What to do:
Only the lines below starting at the one that contains "박민영 - 제이에스티나 광고촬영 비하인드" and ending at the one that contains "Gesetzblatt (GBl.) der" are to be reproduced, exactly and with both ends kept.

Source data:
▼▼▼

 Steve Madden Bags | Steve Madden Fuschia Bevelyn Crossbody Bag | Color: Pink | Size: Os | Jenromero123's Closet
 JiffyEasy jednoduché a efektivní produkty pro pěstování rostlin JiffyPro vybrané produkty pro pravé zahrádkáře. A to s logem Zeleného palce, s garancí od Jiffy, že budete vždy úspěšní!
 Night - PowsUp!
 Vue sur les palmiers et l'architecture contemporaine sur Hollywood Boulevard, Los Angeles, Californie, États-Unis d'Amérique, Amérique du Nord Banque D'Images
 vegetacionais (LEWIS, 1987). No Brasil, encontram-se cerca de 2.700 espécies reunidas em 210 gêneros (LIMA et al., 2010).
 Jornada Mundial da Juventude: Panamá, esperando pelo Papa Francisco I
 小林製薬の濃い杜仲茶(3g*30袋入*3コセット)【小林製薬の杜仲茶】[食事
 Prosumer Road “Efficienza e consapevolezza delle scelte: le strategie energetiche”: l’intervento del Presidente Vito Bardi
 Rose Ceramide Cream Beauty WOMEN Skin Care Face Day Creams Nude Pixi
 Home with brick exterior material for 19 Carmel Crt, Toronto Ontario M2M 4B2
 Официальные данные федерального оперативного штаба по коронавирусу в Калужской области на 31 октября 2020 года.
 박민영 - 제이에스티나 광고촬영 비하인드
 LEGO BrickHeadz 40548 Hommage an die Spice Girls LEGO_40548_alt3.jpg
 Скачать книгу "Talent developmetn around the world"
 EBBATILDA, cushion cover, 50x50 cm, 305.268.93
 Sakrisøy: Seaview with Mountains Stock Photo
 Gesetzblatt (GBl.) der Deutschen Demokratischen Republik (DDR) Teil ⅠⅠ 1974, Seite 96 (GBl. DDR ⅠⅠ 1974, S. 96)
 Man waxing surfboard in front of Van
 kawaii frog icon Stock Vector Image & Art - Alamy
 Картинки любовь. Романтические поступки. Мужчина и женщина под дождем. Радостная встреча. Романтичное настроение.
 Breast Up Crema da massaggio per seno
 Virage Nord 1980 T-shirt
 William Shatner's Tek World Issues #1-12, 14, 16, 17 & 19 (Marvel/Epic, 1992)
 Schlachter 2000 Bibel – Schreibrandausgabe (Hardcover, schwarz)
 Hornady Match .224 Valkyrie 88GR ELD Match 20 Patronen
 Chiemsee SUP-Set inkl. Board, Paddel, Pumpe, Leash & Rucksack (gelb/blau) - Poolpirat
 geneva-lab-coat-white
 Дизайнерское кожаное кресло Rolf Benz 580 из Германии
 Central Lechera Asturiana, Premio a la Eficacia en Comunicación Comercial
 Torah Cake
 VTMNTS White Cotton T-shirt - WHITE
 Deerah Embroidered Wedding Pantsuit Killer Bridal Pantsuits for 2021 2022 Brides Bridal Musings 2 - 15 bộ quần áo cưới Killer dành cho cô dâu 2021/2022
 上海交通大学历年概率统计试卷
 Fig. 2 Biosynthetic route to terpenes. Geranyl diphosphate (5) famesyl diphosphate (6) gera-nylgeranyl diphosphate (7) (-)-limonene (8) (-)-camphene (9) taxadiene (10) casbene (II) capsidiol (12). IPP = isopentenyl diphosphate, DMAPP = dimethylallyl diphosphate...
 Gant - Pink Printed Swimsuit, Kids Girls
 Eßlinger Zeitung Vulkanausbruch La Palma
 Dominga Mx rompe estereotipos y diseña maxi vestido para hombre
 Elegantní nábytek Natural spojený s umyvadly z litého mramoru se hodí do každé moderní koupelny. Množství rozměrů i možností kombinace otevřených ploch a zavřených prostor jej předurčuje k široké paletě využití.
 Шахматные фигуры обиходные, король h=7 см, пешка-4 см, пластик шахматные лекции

▲▲▲

Response area:
 박민영 - 제이에스티나 광고촬영 비하인드
 LEGO BrickHeadz 40548 Hommage an die Spice Girls LEGO_40548_alt3.jpg
 Скачать книгу "Talent developmetn around the world"
 EBBATILDA, cushion cover, 50x50 cm, 305.268.93
 Sakrisøy: Seaview with Mountains Stock Photo
 Gesetzblatt (GBl.) der Deutschen Demokratischen Republik (DDR) Teil ⅠⅠ 1974, Seite 96 (GBl. DDR ⅠⅠ 1974, S. 96)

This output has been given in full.